I left loose ends, and I’ll need to tie those up. Blue or Bluebird or whatever her name is, she’s not greedy or dishonest, at least I don’t think so. She’s on the run from someone she finds scarier than me. And she’s worried about her sister. I may not have all the information yet, but there is one thing I know for sure and that is she’s not walking out of here tonight. I put in three more stitches and by the time I’m done, I see how her shoulders have slumped. Her head bobs and her eyes have lost their focus.

“There,” I say.

She looks down at her neatly stitched hand then shifts her gaze to me, her movements slow. She looks at the bottle of whiskey, then picks up the glass and peers at the remnants. She scrunches up her forehead. She’s sort of cute with her chopped hair, the top layer of which is blue, the natural shade dark. It’s a dye and cut done at home from the looks of it. But still, she’s pretty enough it doesn’t matter. Even with that scar on her face.

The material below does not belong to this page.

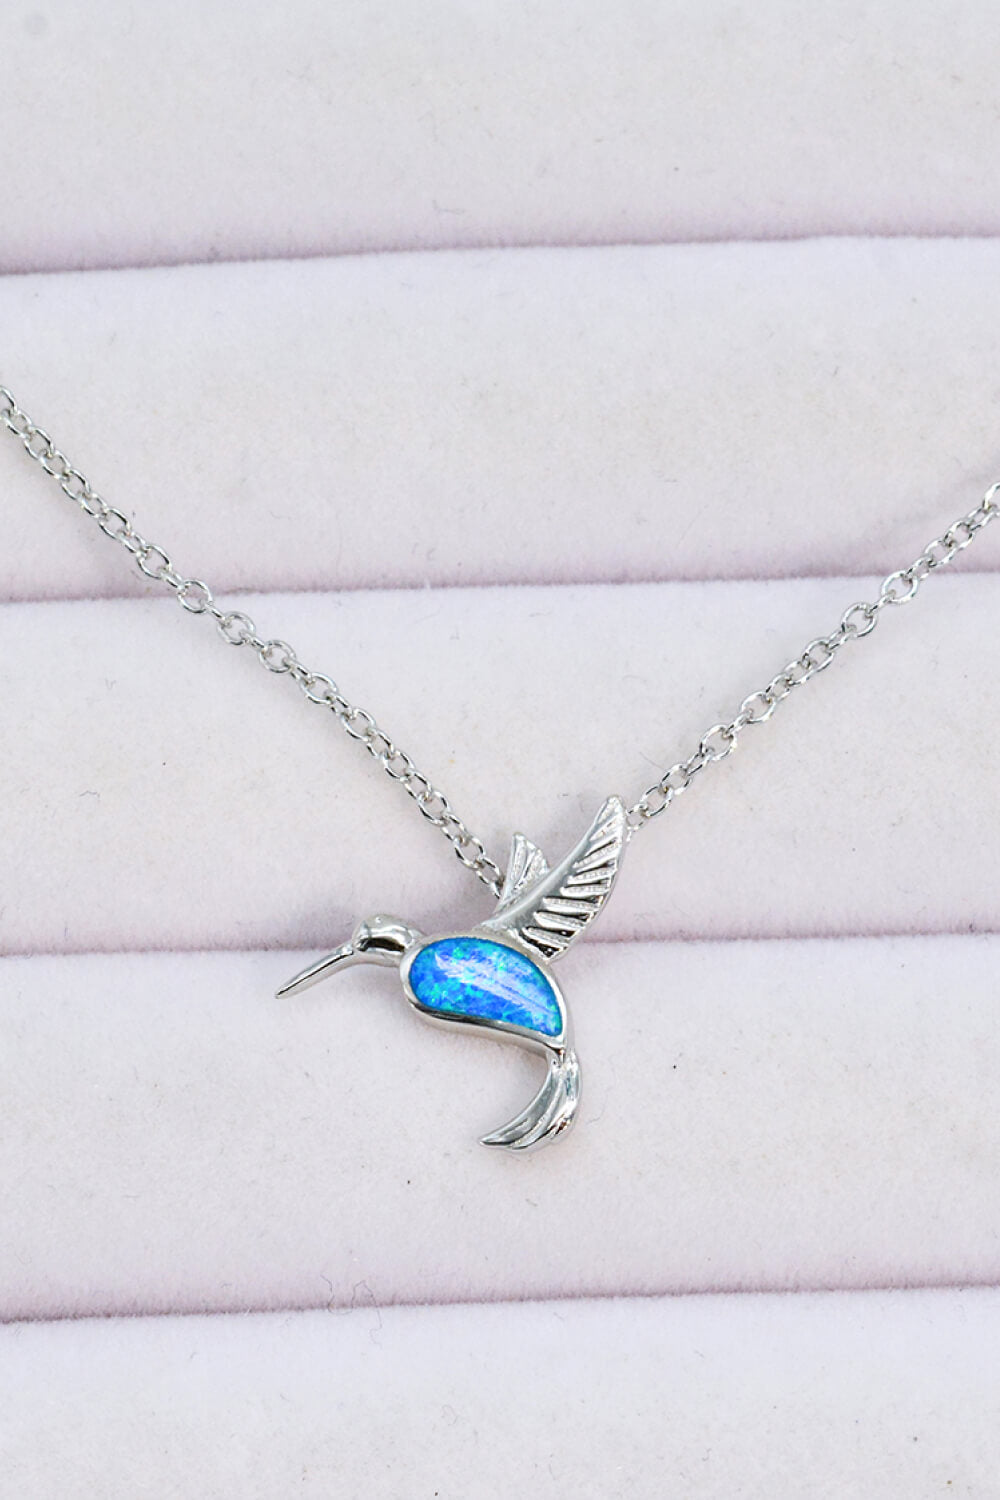 Opal Bird 925 Sterling Silver Necklace - Tophatter Shopping Deals - Electronics, Jewelry, Auction, App, Bidding, Gadgets, Fashion

“Is that just whiskey?” she asks.

I smile. “Not used to it?” I take off the gloves.

She shakes her head, slow motion. “It’s not that.” She looks up at me, again cocking her head. “Is it?”

“Is it what?”

“Just…” Before she finishes, she slides sideways off the seat. I’m on my feet in an instant to scoop her up, careful to catch her injured hand and set it on her stomach.

“No, you little convict. It’s not just whiskey. Don’t you know the first rule when dealing with men like me? When threatening men like me?”

“What did you do?” She struggles, trying to get out of my arms as I carry her out of the kitchen, back down the hall and up the stairs to the bedroom I prepared for her.

“Don’t drink anything your enemy offers you unless you’ve seen him drink it first.”

“What did you… give me?” she croaks.

I draw the blanket back and lay her down. She struggles to keep her eyes from closing but she won’t win. I sit on the edge of the bed, brush her hair back from her face as she tries to fight off sleep.

“What…”

“Just a little something to help you sleep while I find out exactly who the fuck you are.”